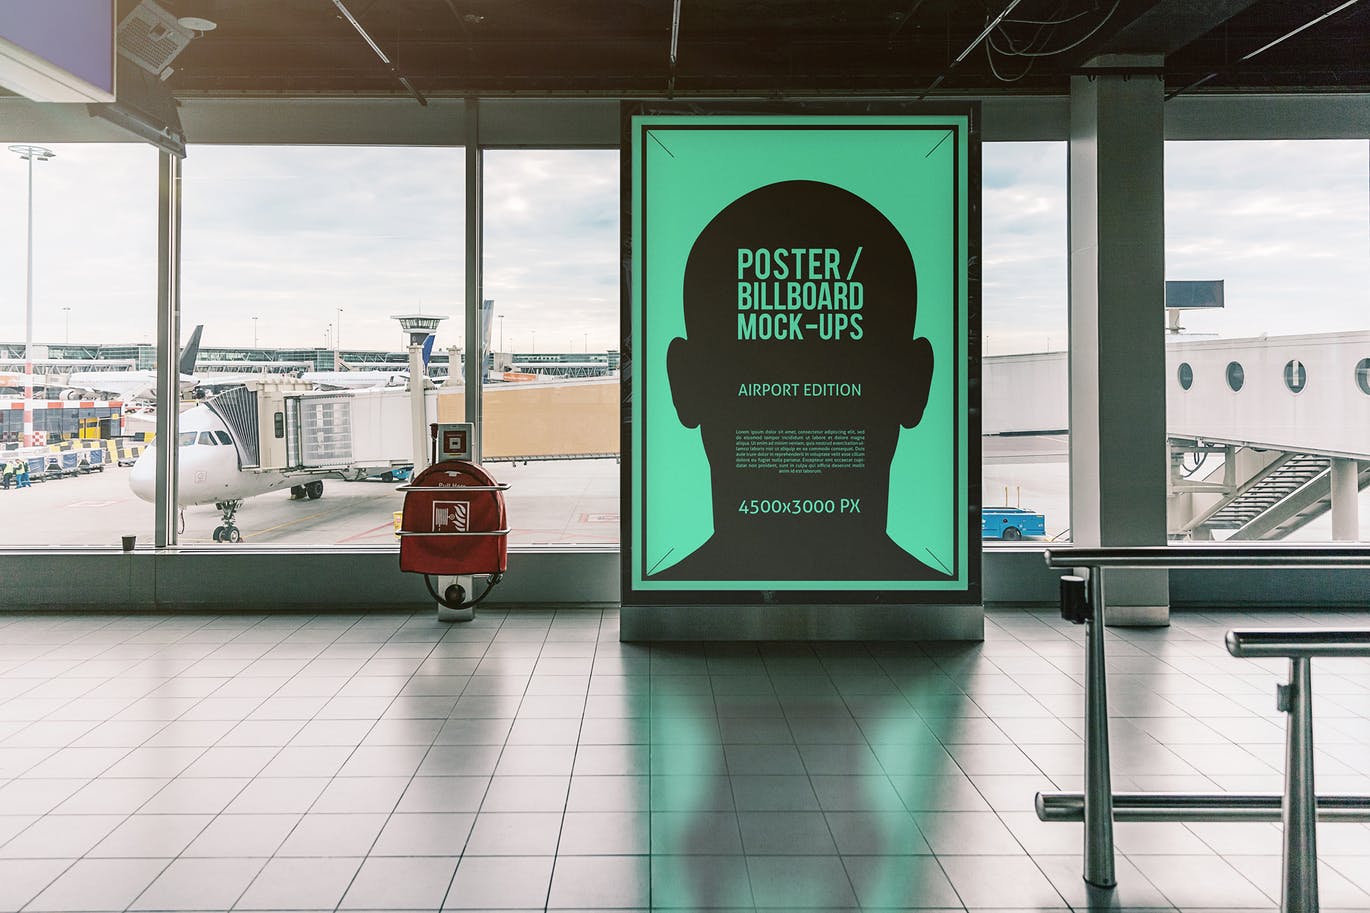 机场顾客通道海报/广告牌样机第一素材精选模板#3 Poster / Billboard Mock-ups – Airport Edition #3插图
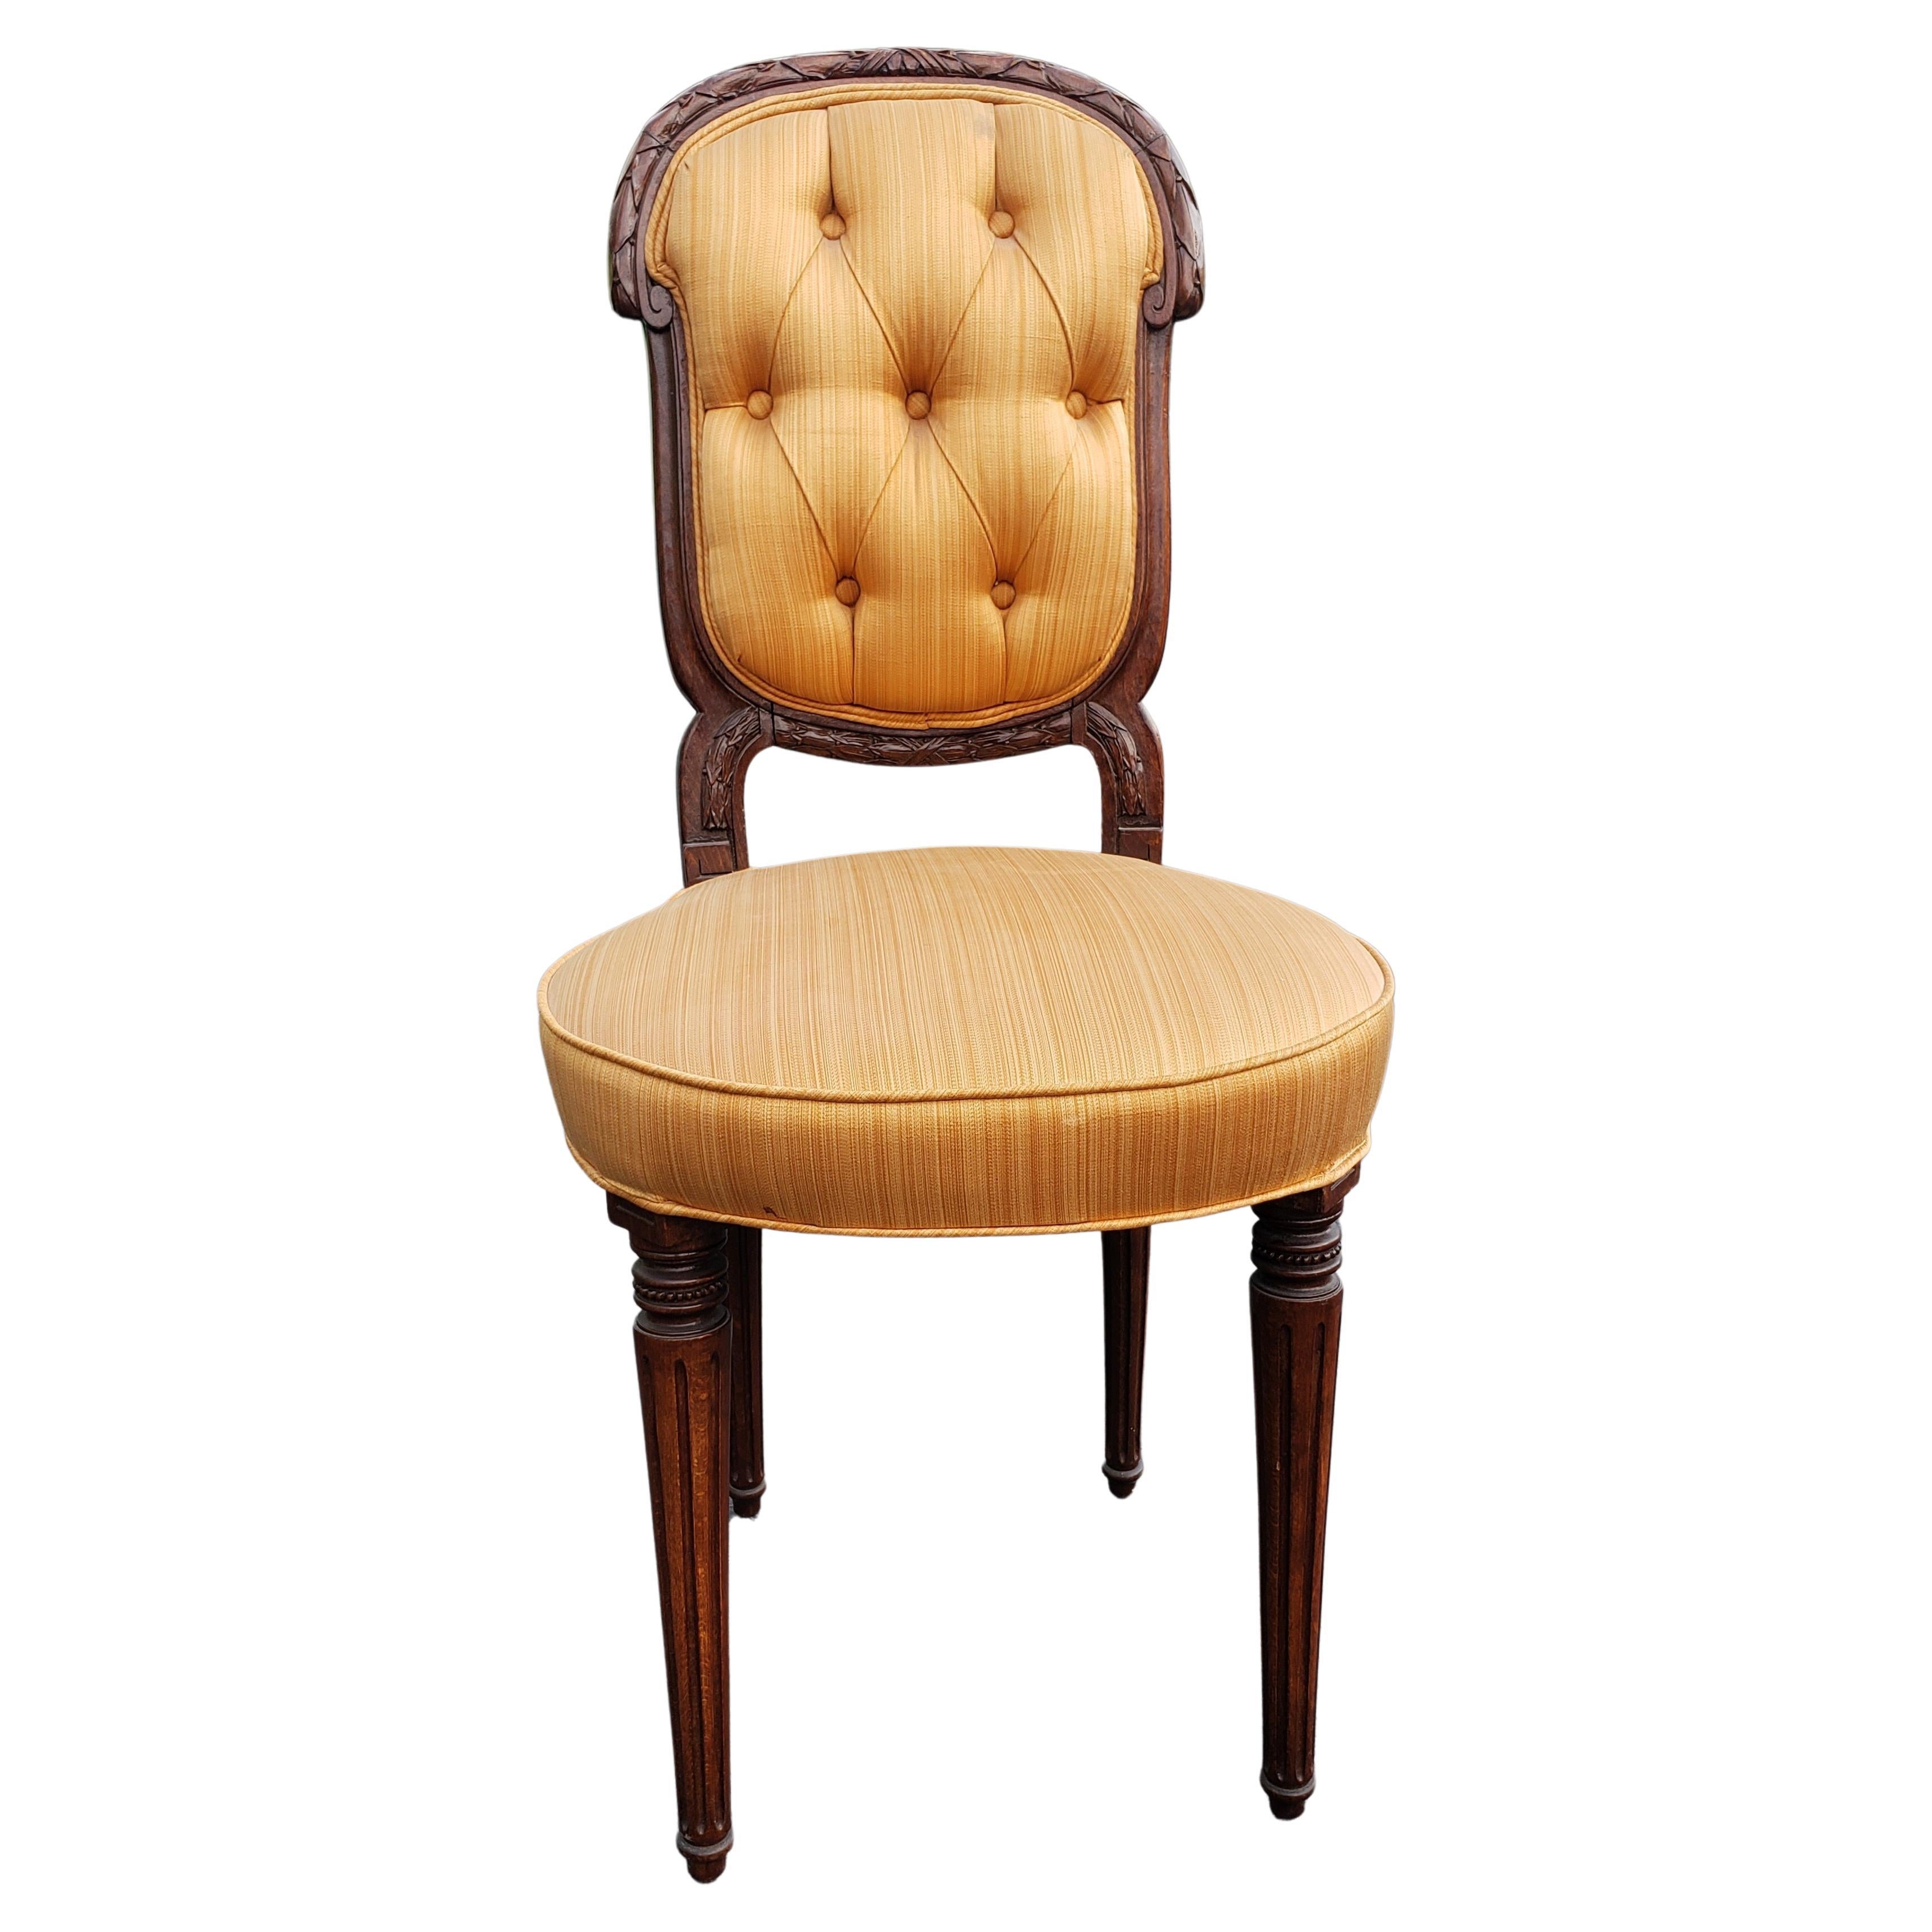 Une exquise petite chaise de bureau des années 1950 en acajou sculpté et tapissée de soie en très bon état. Siège confortable en bon état. Magnifique dossier sculpté de feuilles d'acanthe et pieds cannelés.
Mesure 16,5 pouces de largeur, 16,5
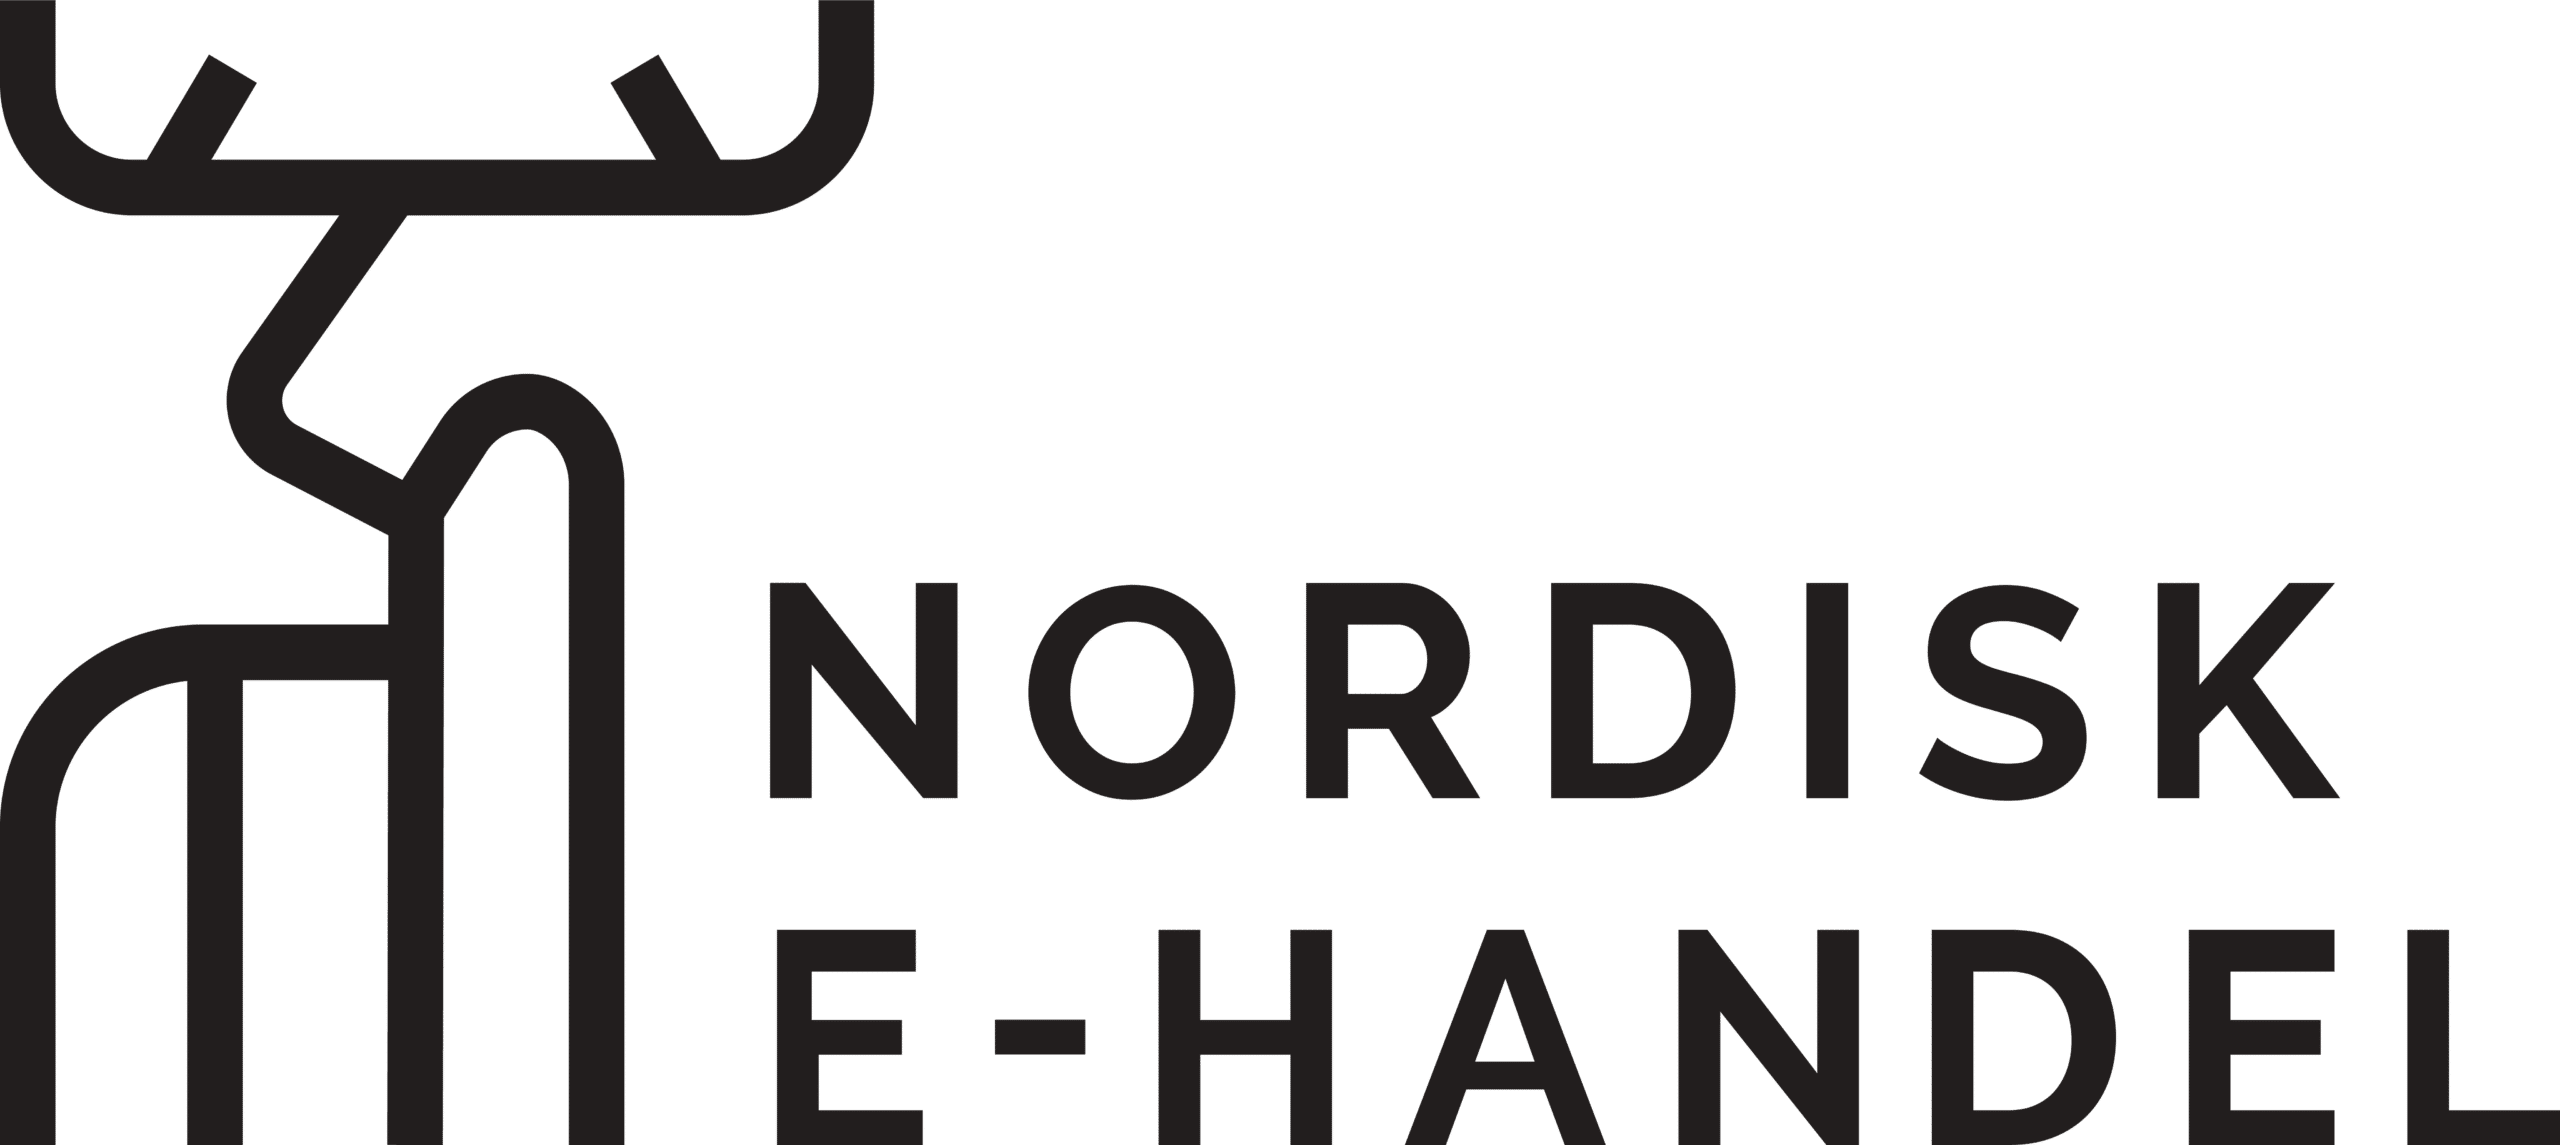 Nordisk ehandel_logo_platform_partner

Task requirements: Would you repeat the listing word for word and skip every picture?

Written answer:
 机场顾客通道海报/广告牌样机第一素材精选模板#3 Poster / Billboard Mock-ups – Airport Edition #3插图
 Une exquise petite chaise de bureau des années 1950 en acajou sculpté et tapissée de soie en très bon état. Siège confortable en bon état. Magnifique dossier sculpté de feuilles d'acanthe et pieds cannelés.
Mesure 16,5 pouces de largeur, 16,5
 Nordisk ehandel_logo_platform_partner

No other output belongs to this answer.